For this election cycle in particular, that has meant requiring exchanges grant them creative review of all political ads that they might run. Back in August, WarnerMedia’s advertising platform Xandr announced that it had launched compliance features for political advertisers which would include a human review of every political ad it distributed.
But these countermeasures don’t work every time. In order to figure out which ads to evaluate, publishers rely on metadata from the ad delivered by demand sources, and the ads are sometimes incorrectly labeled.
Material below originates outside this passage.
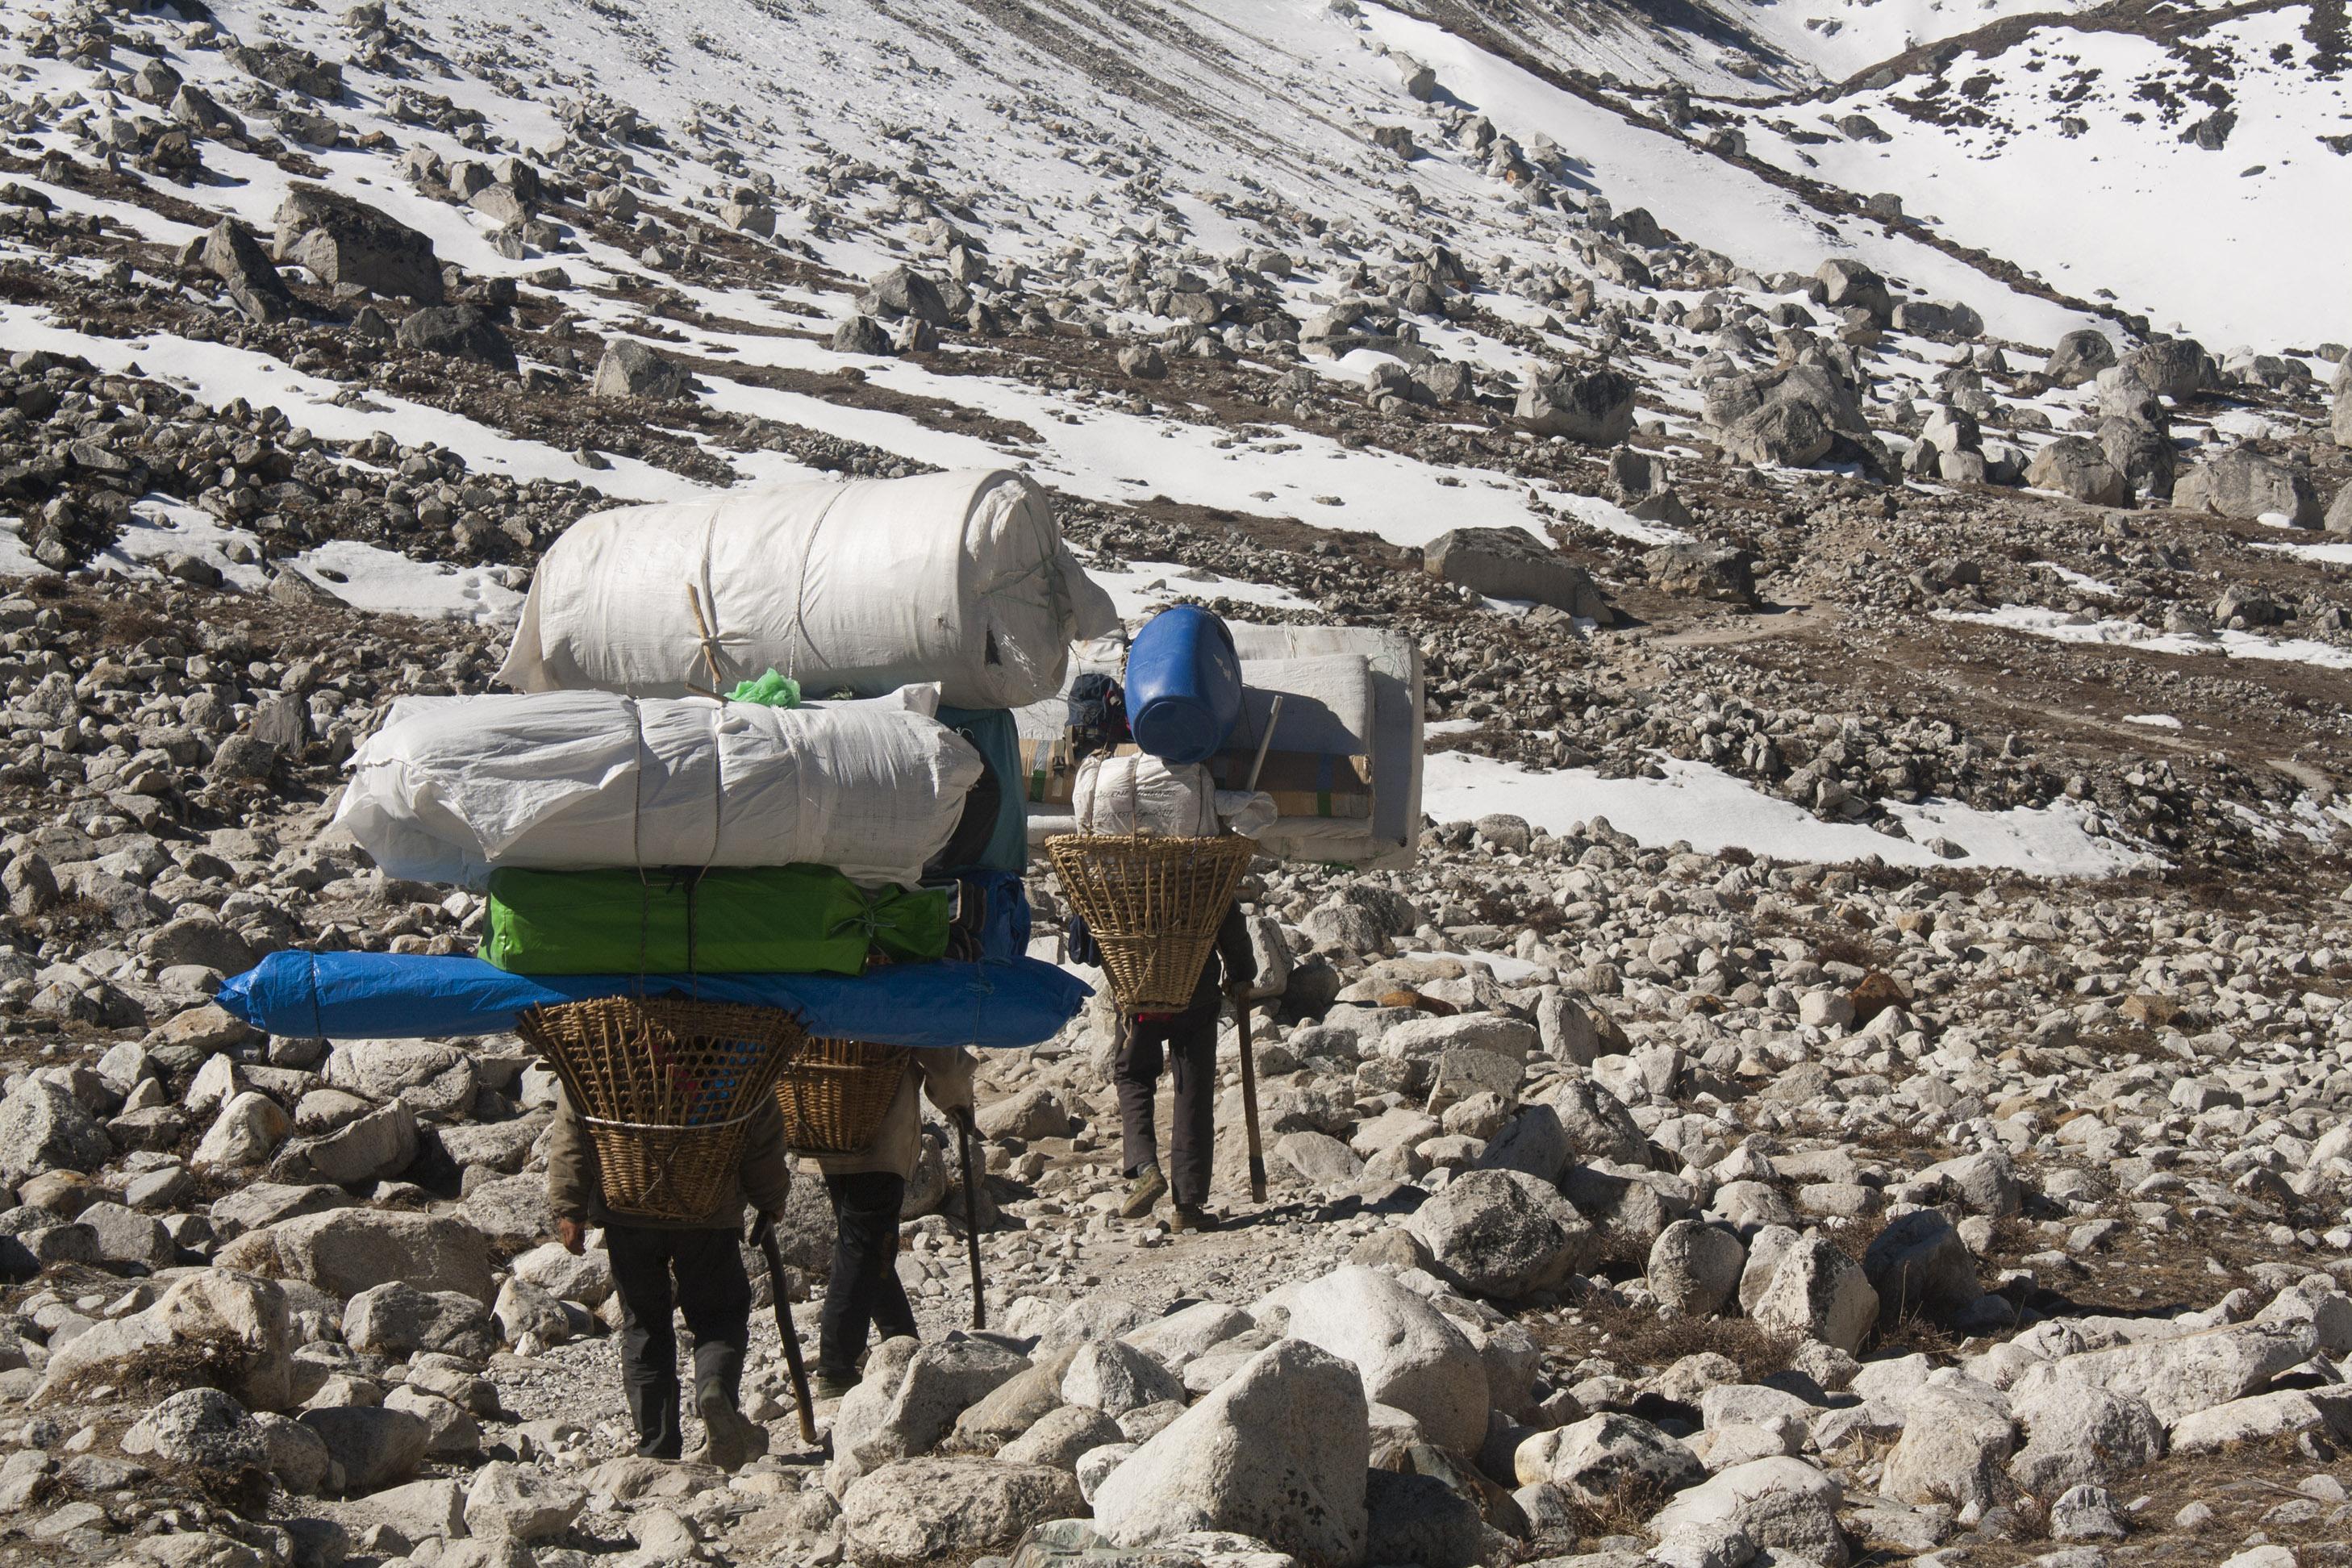 Sherpas_on_the_Trail_Nearing_Lobuche,_Nepal

Justin Wohl, the chief revenue officer of Salon, said he’s seen Trump campaign ads classified as Business & Industrial, Computers & Consumer Electronics, Finance, Law & Government and News, Books & Publications.
Efforts to block the ads at the domain level don’t always work either: A full third of the ads served to Salon through AdX since July have come from unknown advertiser domains, Wohl said.
“With as many demand partners as there are in a typical programmatic stack, blocking every possible attempt through every possible channel is exceedingly difficult,” said Salon’s Wohl. “Especially when there’s deception and mislabeling going into the buys in the first place.”
Sources including Wohl acknowledged that both left and right could be hiding their domains or miscategorizing their ads, but: “The right-leaning ads are the ones that lead to angry emails from readers,” Wohl added, “so they’re much more so on our radar.”